Here is the translation of the accompanying brochure:
“Mini Rubber-Hit. 4 12/50 SAPL cartridges. The Rubber-Hit is a rubber buckshot cartridge specially designed for protection, offering an alternative to traditional ammunition. The rubber projectiles develop an energy capable of neutralizing an aggressor whilst reducing to a minimum the risks of wounds or death. The strong report (130 dB) gives the alarm whilst contributing to the dissuasive effect. Note: the decision to use a firearm, even only loaded with rubber ammunition, must only be taken in case of ‘force majeure’ and only as a means of self-defence. Whilst the ‘Rubber-Hit’ is a neutralizing ammunition, it remains capable, if used at point-blank, of causing serious wounds. It is advisable not to use it at less than 5 meters (15 feet) distance. Its use is the responsibility of the user.”
The brochure bears the logo of the St. Etienne firearms proving station.
I paid 70 French Francs (about $14) for the pack of four cartridges.
Douglaston, New York
Concerning “Tacking Degrees,” (November 1, 1999) don’t you think that underbodies are at least as important as refinements in sail shape? To quote Marchaj in Sail Performance, “The sailing craft must be considered as a complex system consisting of two interdependent parts—aerodynamic and hydrodynamic.” I call this “the orange seed theory”: If there’s a push on the side, the object had better be tapered if it’s going to go forward. (See the new Annapolis Book of Seamanship, page 21.)
In your review of theorists, I missed two people who I always thought were the reigning sail geniuses when I was growing up around boats. One is Manfred Curry, the scientifically oriented American sailor who studied sailing aerodynamics in Germany in the 1920s and came up with the graceful but wrong-headed comparison of sails with gull’s wings. The other is John Morwood, whose Sailing Aerodynamics (published in 1954) was the book to read before Melder.

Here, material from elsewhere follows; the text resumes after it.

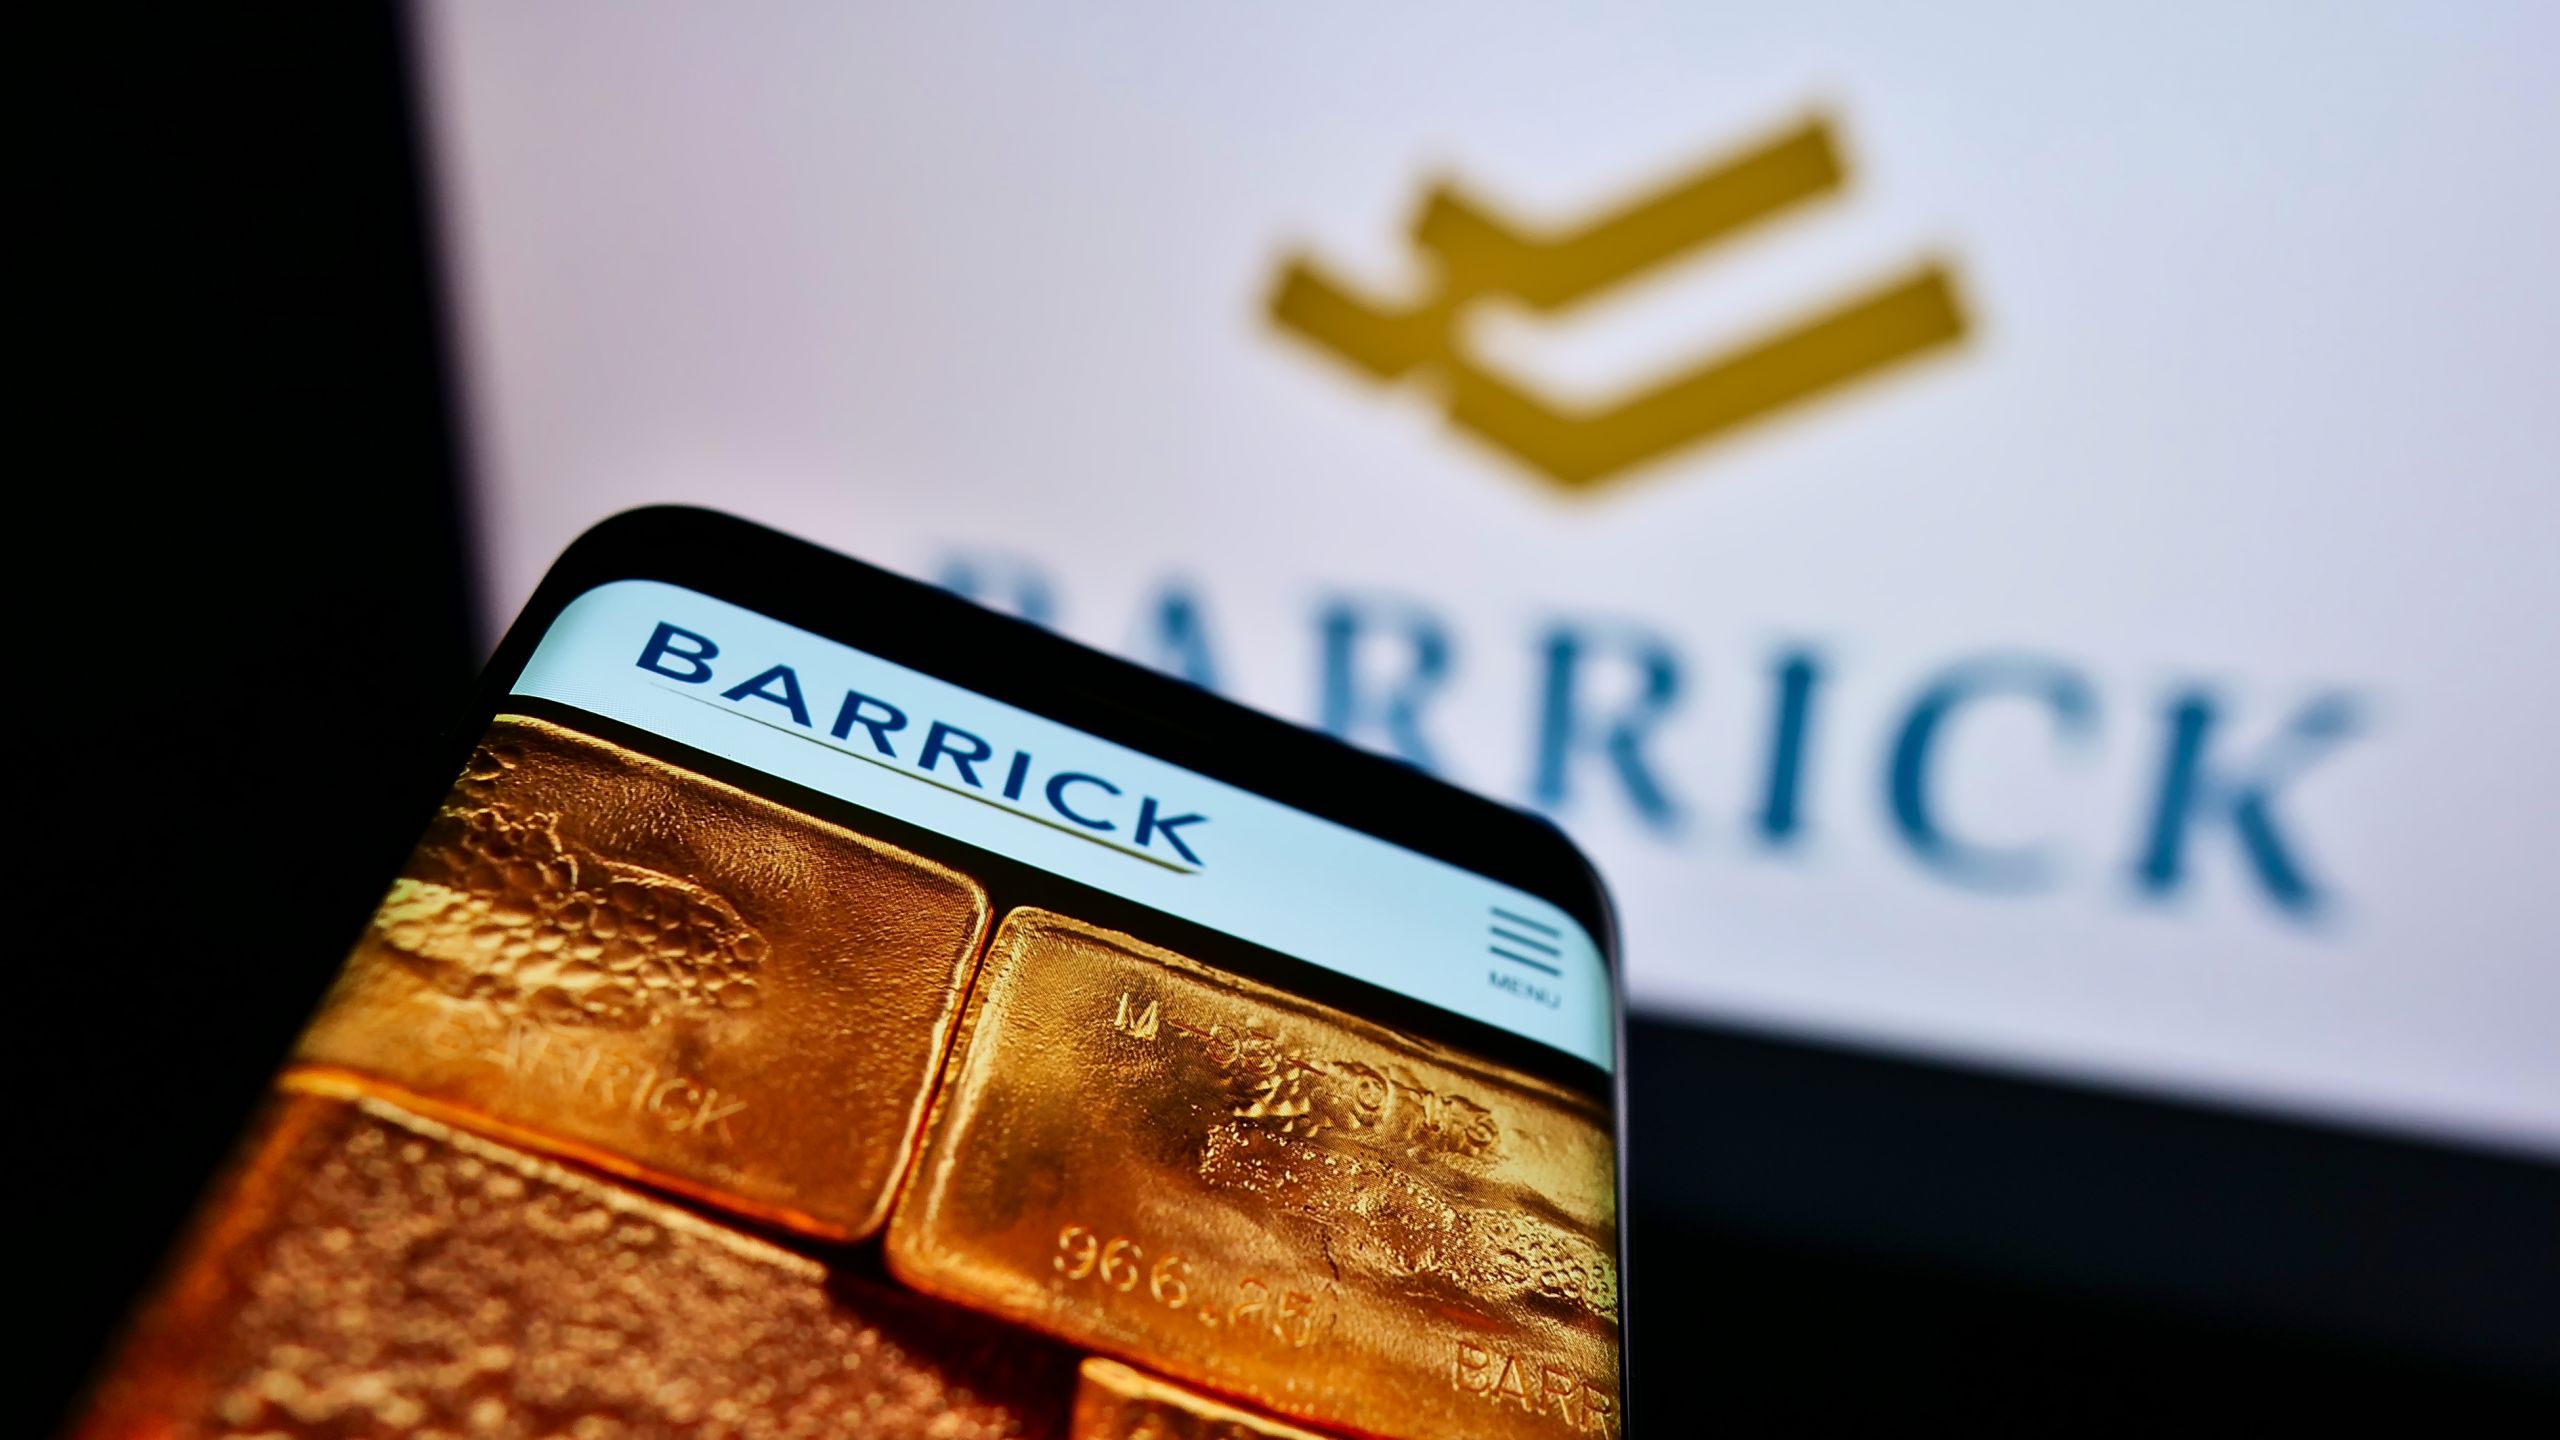 Read more about the article Barrick Gold-Aktie: Ein leicht positiver Indikator!

You state that for downwind races like the Transpac, beamy boats are used. Nothing could be further from reality. It is right that you like to have a “surfing machine” to go to Hawaii but beamy they are not. Or would you consider the standard surfing boat for going on the Transpac, a Santa Cruz 50 with a beam of 12 feet, a beamy boat? It is the design of the hull, large sail area and light displacement that makes these boats surf.
Do they go upwind? Certainly, but not like an IOR/IMS lead mine but better than your standard racer/cruiser, which is usually beamy. A Santa Cruz 50 sails upwind with an apparent wind angle of 27°-28° at over 7 knots.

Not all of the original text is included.